*Work instructions*: Take the line that contains "#HandCare2024 #HandCareMeeting #HandCareConference" and each one after it through the last line below, and retype them exactly. Leave out the pictures.

*Supplied material*:

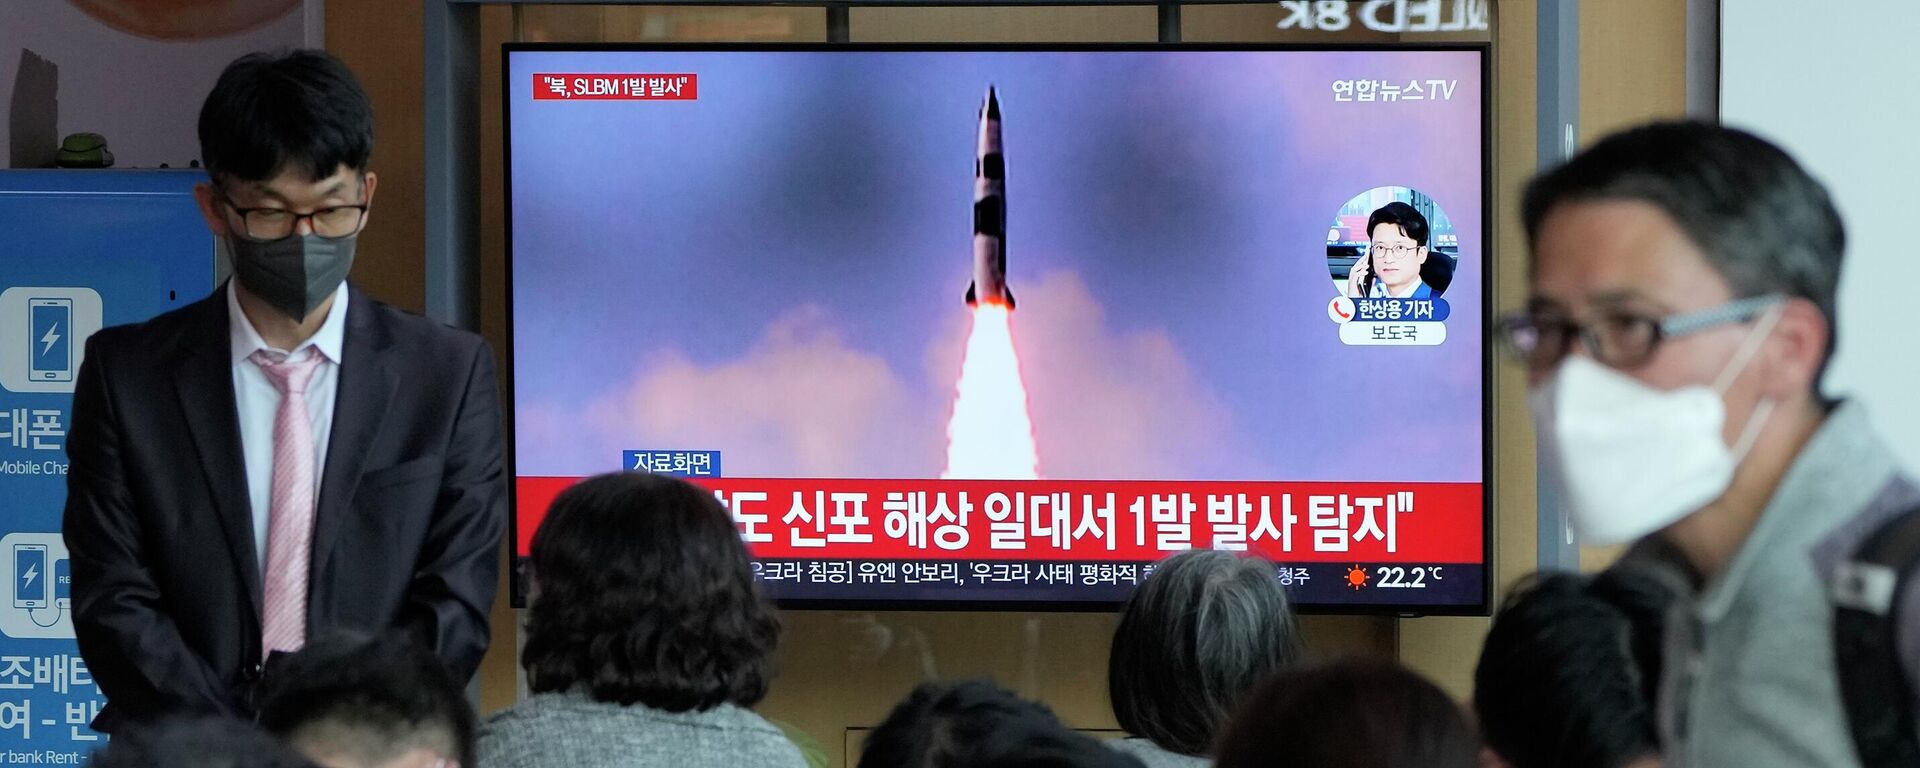 People watch a TV showing a file image of North Korea's missile launch during a news program at the Seoul Railway Station in Seoul, South Korea, Saturday, May 7, 2022. - Sputnik International, 1920, 07.05.2022
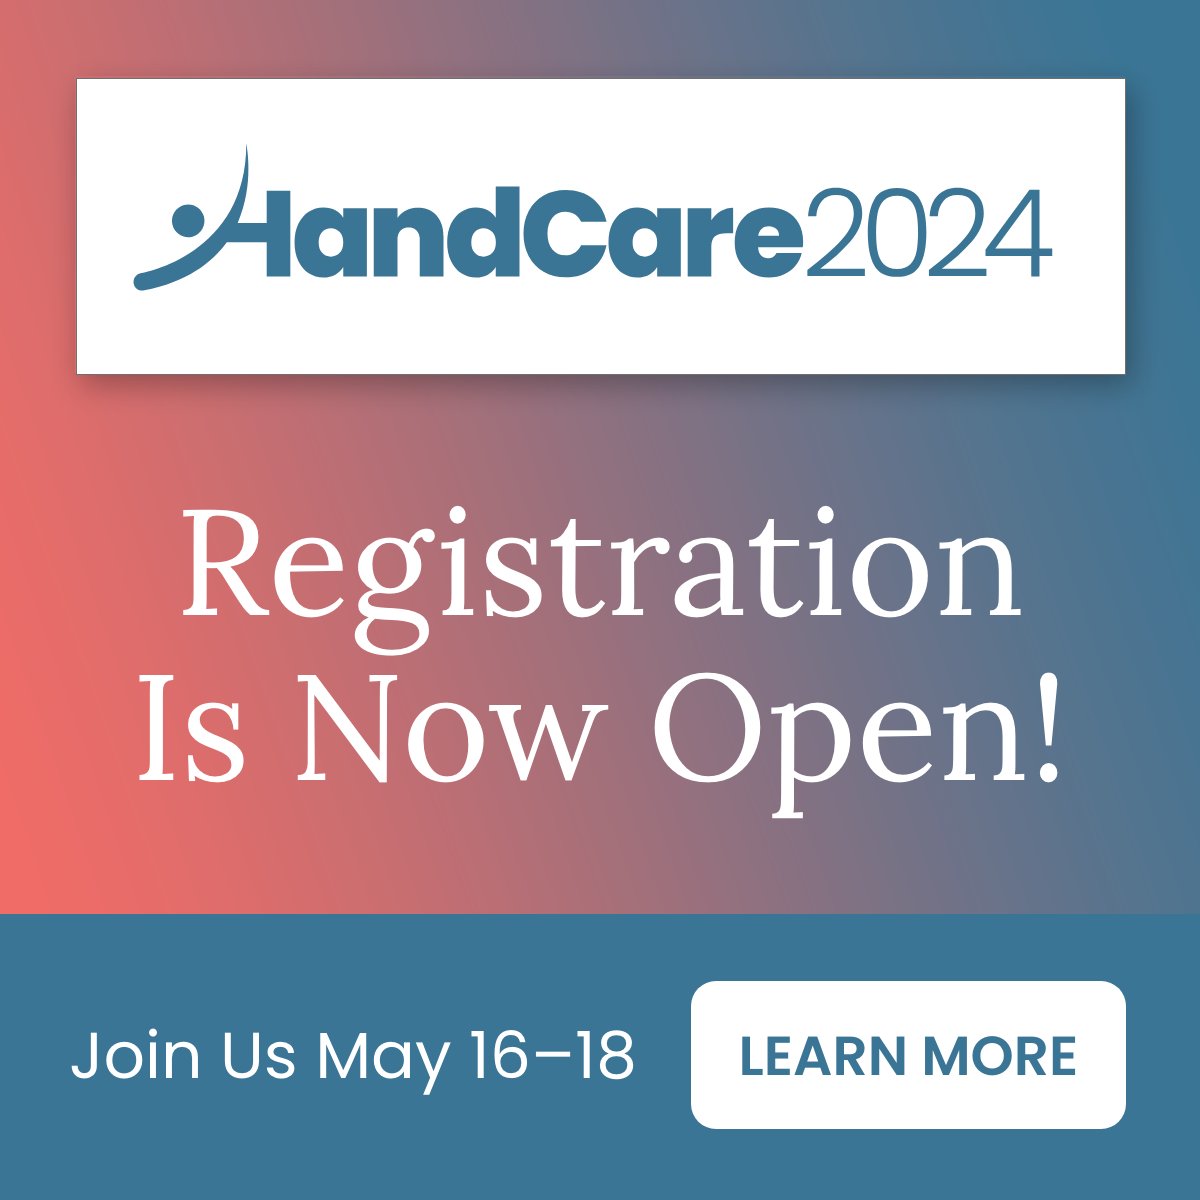 ⏰ Hand Care 2024 is just around the corner. If you are an OT/PT, physician, physician assistant, or nurse who is interested in hand rehabilitation, this conference is for you! Learn more → hubs.li/Q02kG5m40 #HandCare2024 #HandCareMeeting #HandCareConference
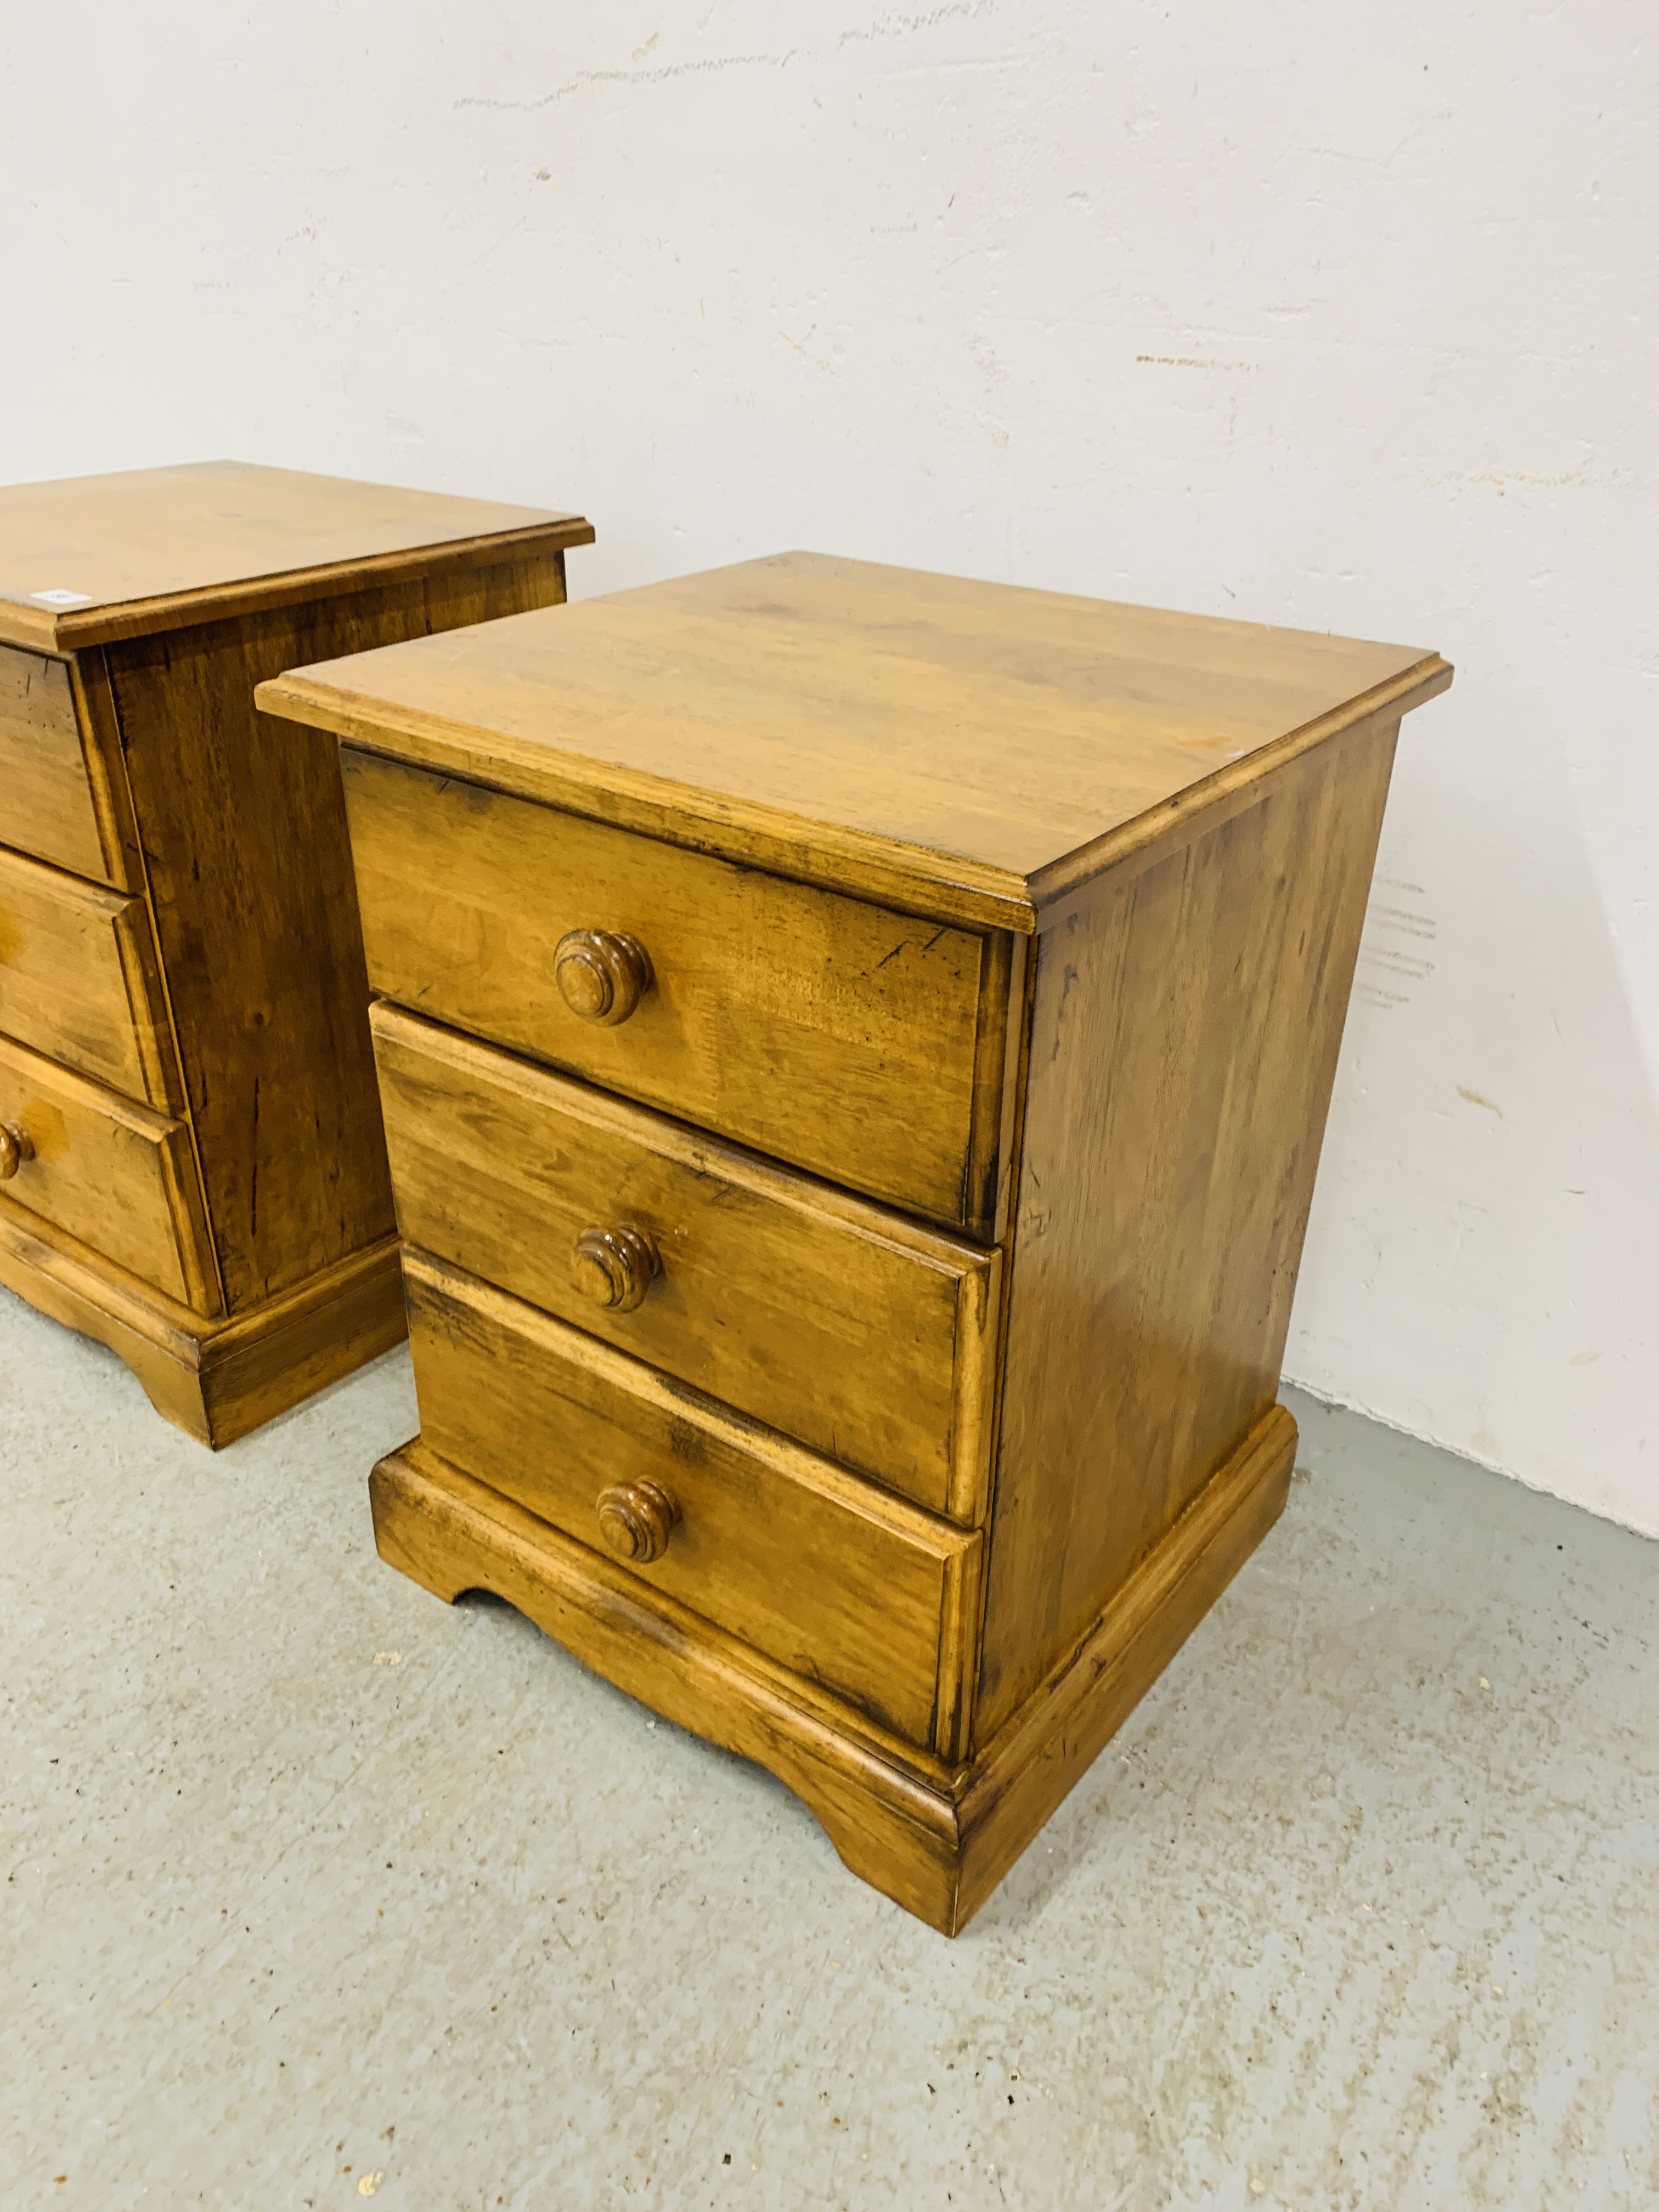 PAIR OF MODERN HARDWOOD 3 DRAWER BEDSIDE CHESTS, WITH TURNED HANDLES - W 49CM. D 46CM. H 63CM. - Image 2 of 6

*Answer to this problem*:
 ⏰ Hand Care 2024 is just around the corner. If you are an OT/PT, physician, physician assistant, or nurse who is interested in hand rehabilitation, this conference is for you! Learn more → hubs.li/Q02kG5m40 #HandCare2024 #HandCareMeeting #HandCareConference
 PAIR OF MODERN HARDWOOD 3 DRAWER BEDSIDE CHESTS, WITH TURNED HANDLES - W 49CM. D 46CM. H 63CM. - Image 2 of 6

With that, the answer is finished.